Improving efficiency in tokenization—if operators are tokenized as single tokens, it could reduce the overall number of tokens needed to represent a piece of code.

For operators, we will use the following documentation pages:

Programming Language	Tested Operators
Python	34
Java	32
C++	36

figure-4 — Figure 4: Share of Operators (Python, Java, C++) Tokenized as a Single Token

Unlike keywords, operators present a real challenge for BERT. Since it was not trained on a large code corpus, it struggles significantly with operators.
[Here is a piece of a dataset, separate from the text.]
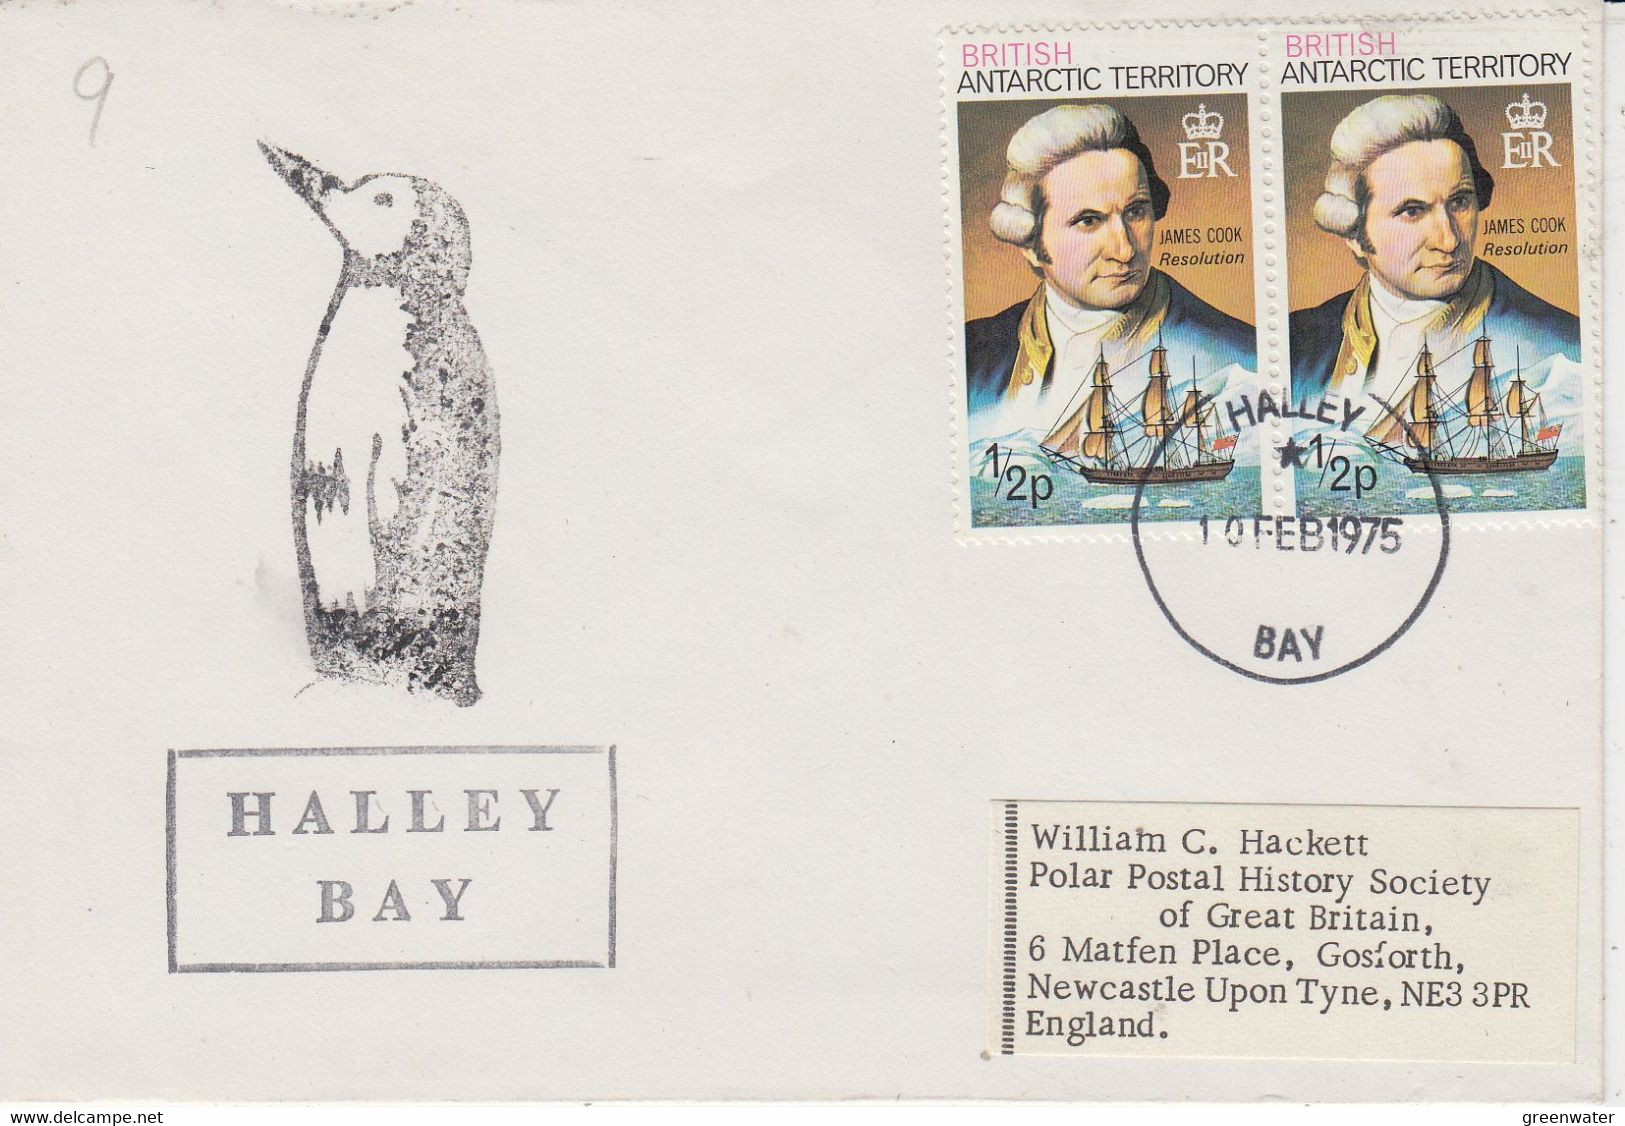 British Antarctic Territory (BAT) Halley Bay Ca Halley  Bay 10 FEB 1975 (TA180) - Storia Postale

CodeBERT and ModernBERT have decent performances, but ModernBERT's tokenizer seems to be the best in handling operators.

Test Data for Reproduction

Finally, here is the dataset containing all the test results. Feel free to reproduce the experiments, but don't forget to cite this blog/repository.

Tokenizer	Vocab Size	Longest Whitespace Token	Longest Tabs Token	Tab-Space Merging	Python Keywords (%)	Java Keywords (%)	C++ Keywords (%)	Python Operators (%)	Java Operators (%)	C++ Operators (%)
BERT	30,522	0	0	❌	91.4	88.0	56.5	50.0	43.8	38.9
CodeBERT	50,265	1	1	❌	82.9	76.0	62.4	67.6	75.0	66.7
ModernBERT	50,280	24	6	✅	91.4	86.0	71.8	82.4	90.6	86.1